TASK BRIEF: Leave out the pictures and repeat exactly the lines from the one containing "Printable Letter S" through the final line of the listing below.

*** SUPPLIED MATERIAL ***

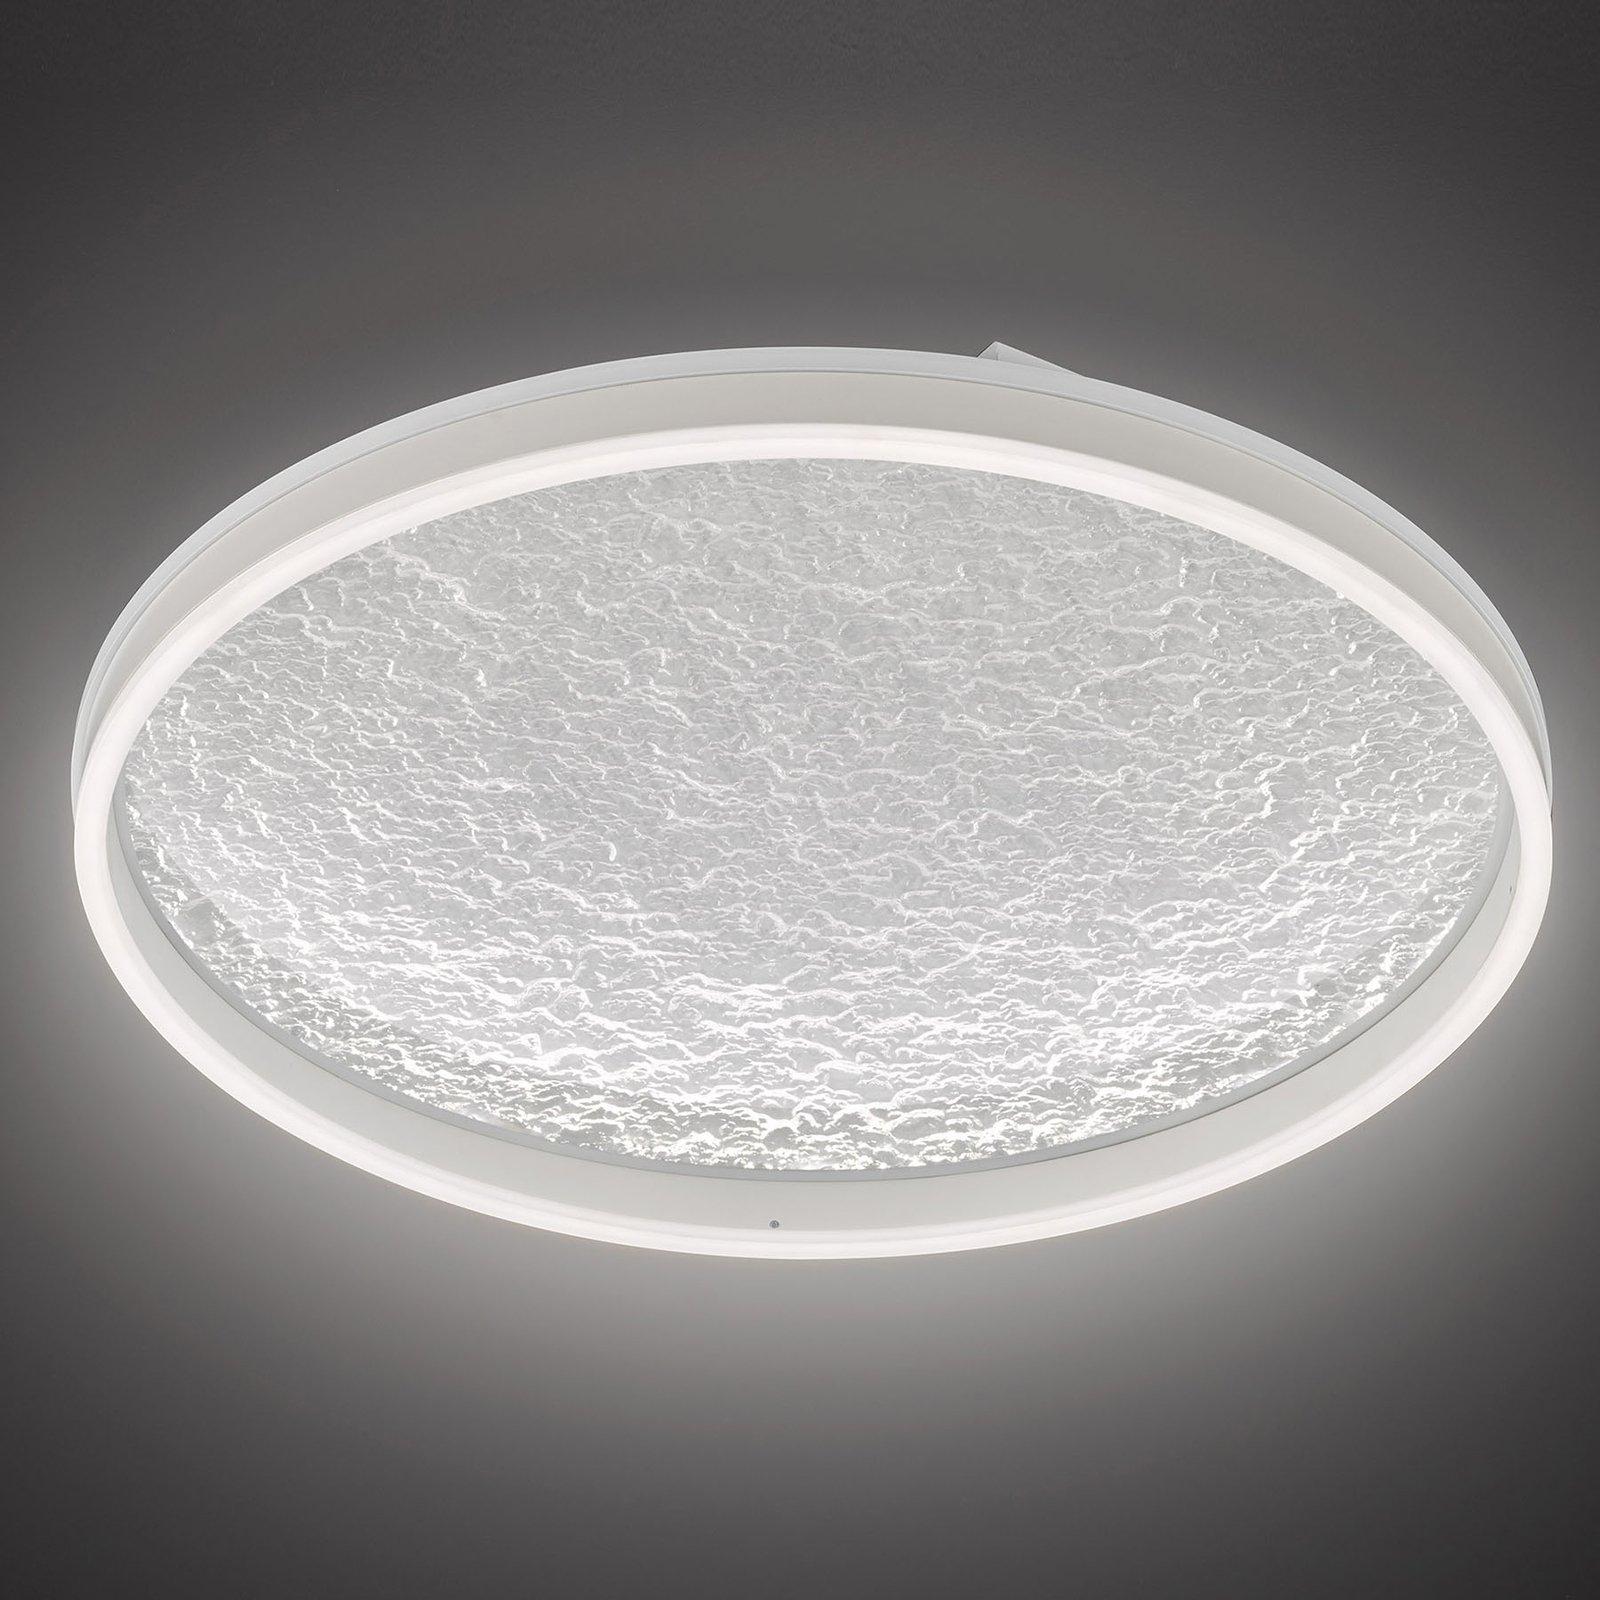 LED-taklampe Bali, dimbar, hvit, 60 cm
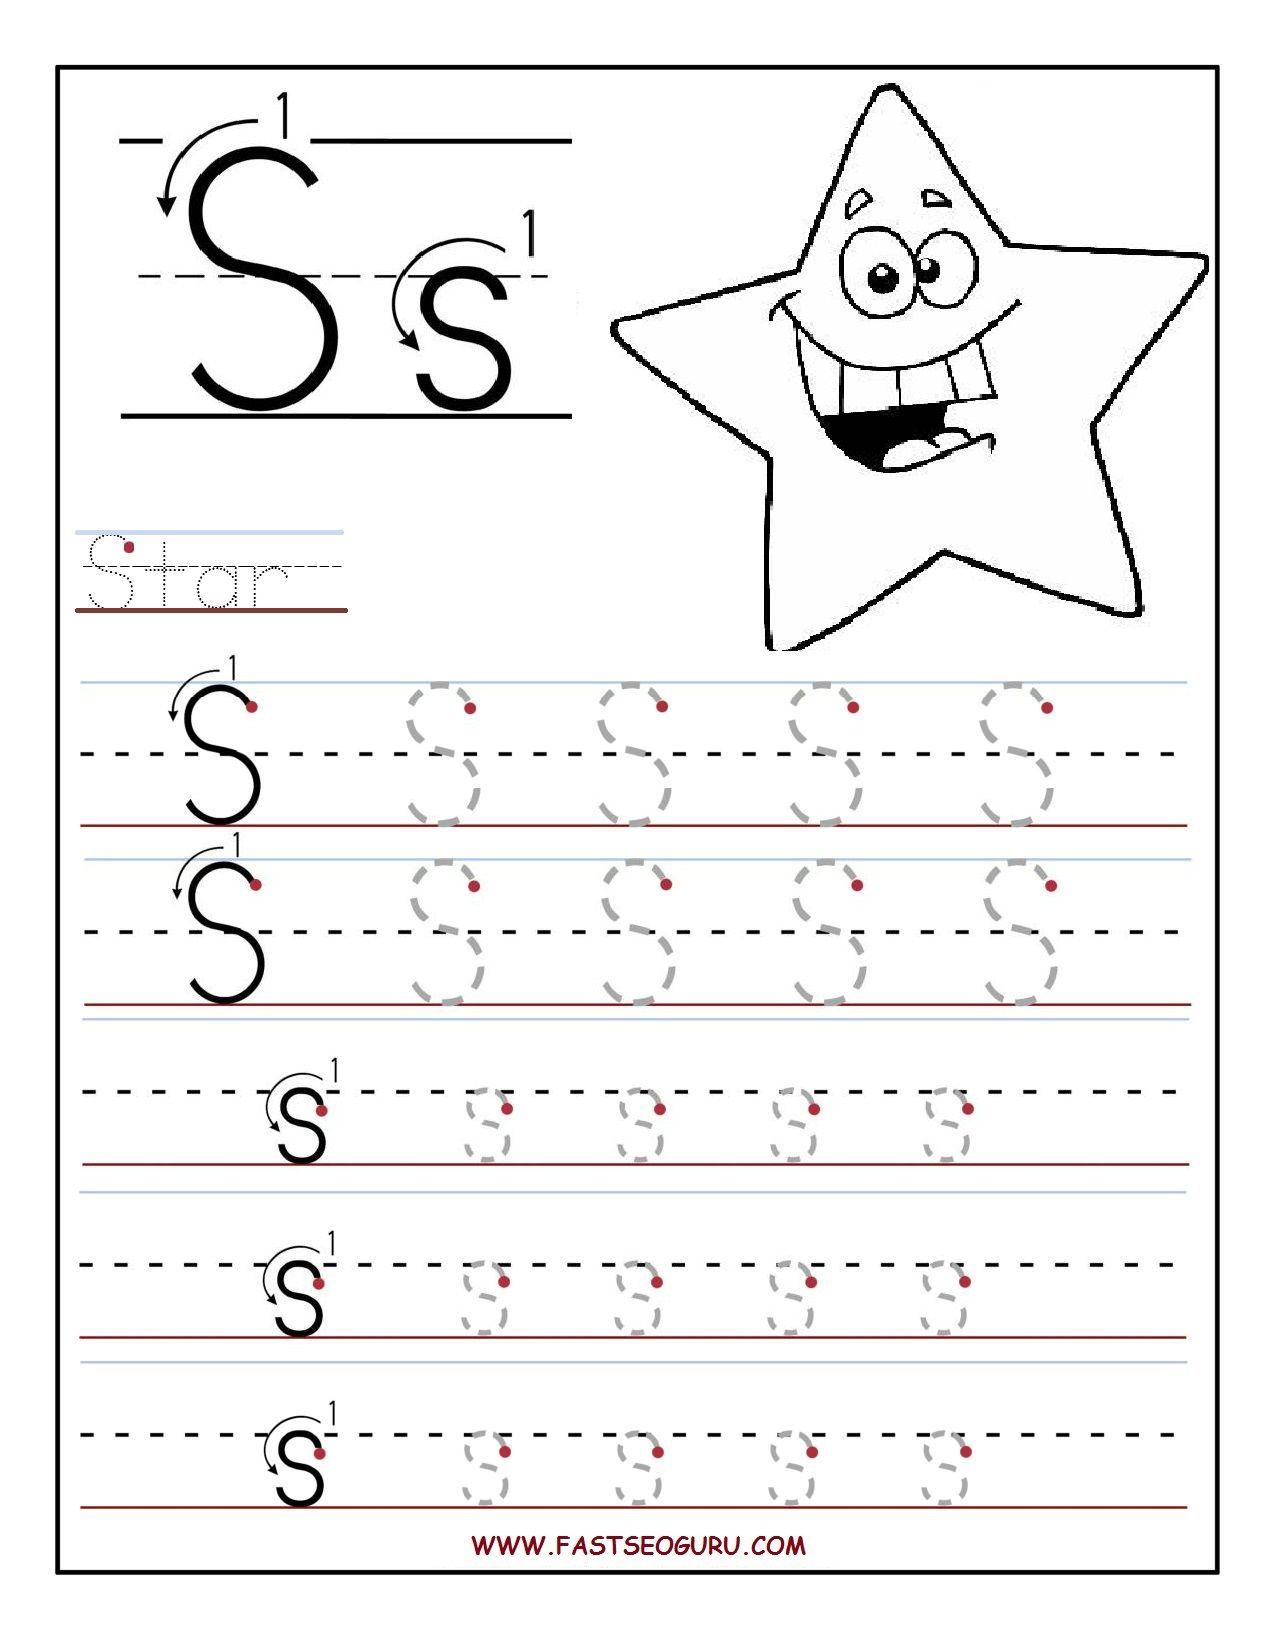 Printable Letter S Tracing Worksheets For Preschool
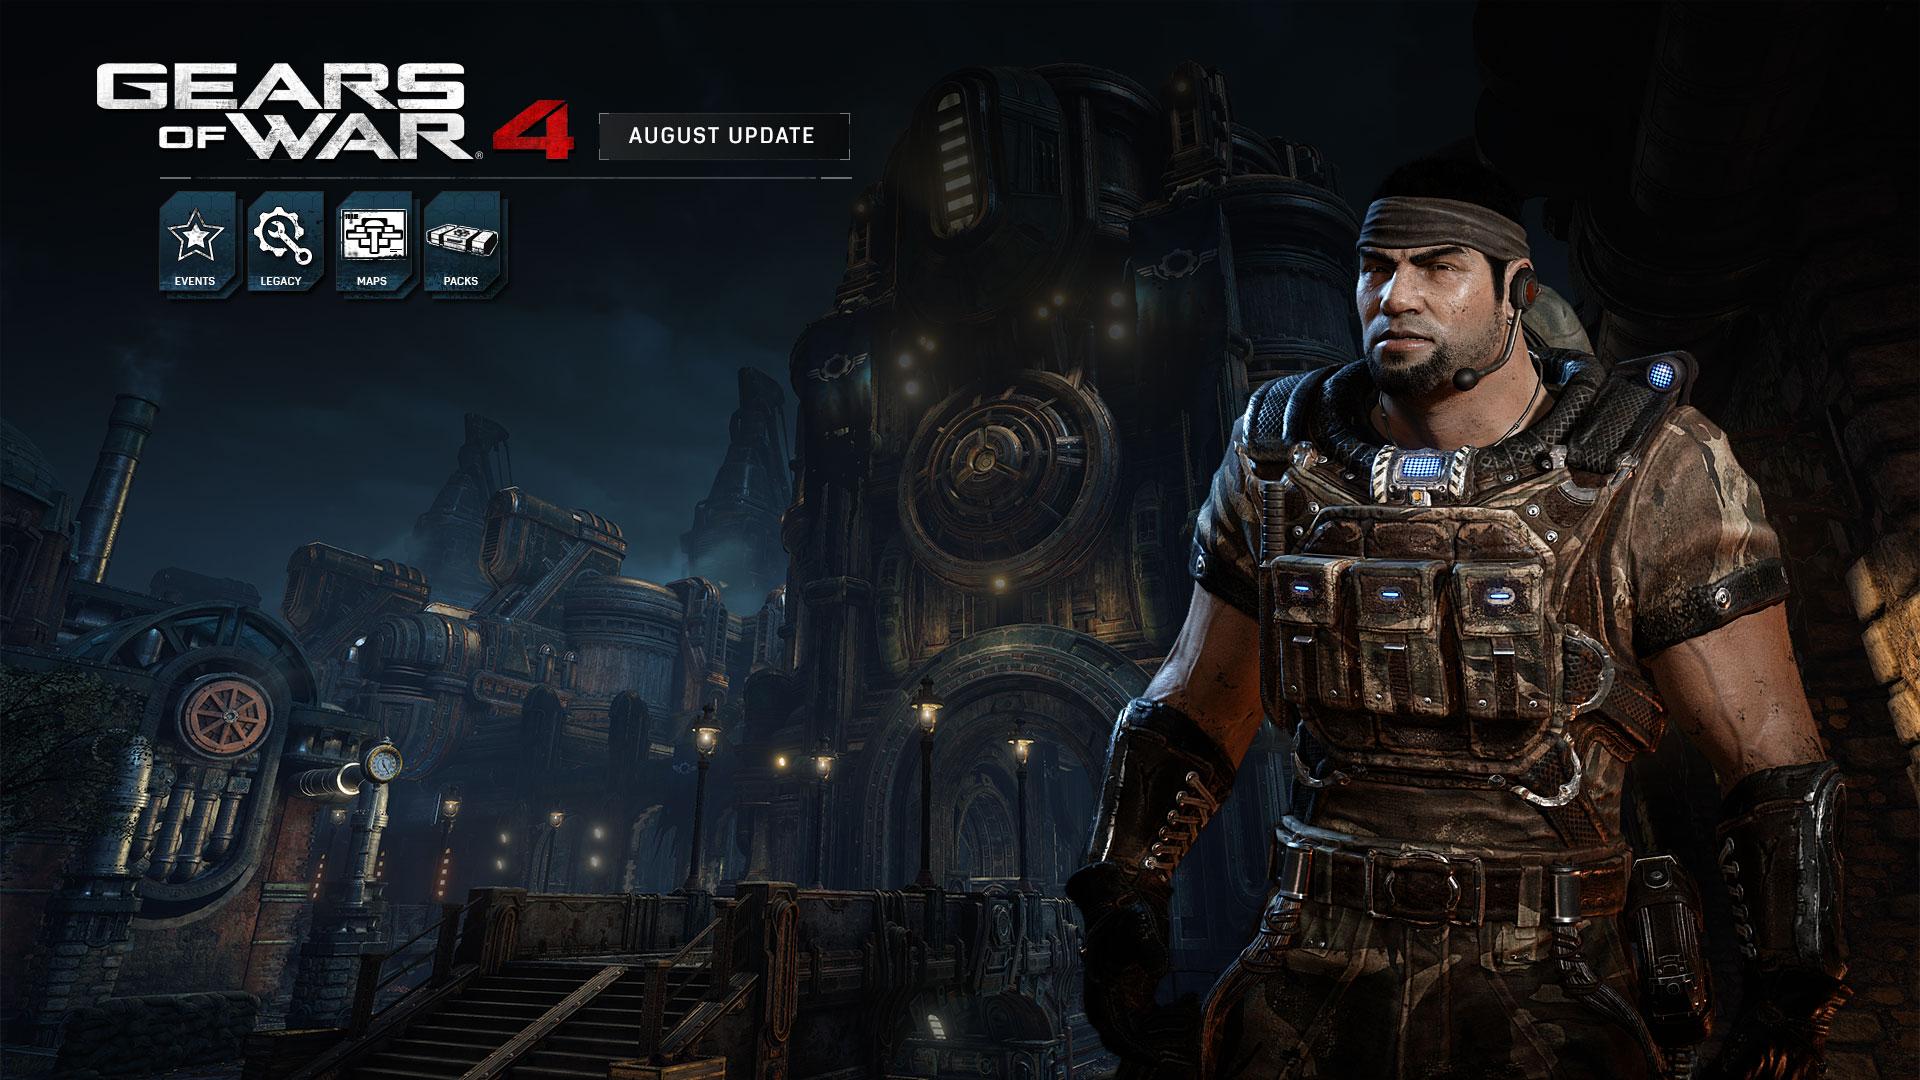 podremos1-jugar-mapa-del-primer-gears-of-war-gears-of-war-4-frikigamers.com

*** End of SUPPLIED MATERIAL ***

TASK RESPONSE:
 Printable Letter S Tracing Worksheets For Preschool
 podremos1-jugar-mapa-del-primer-gears-of-war-gears-of-war-4-frikigamers.com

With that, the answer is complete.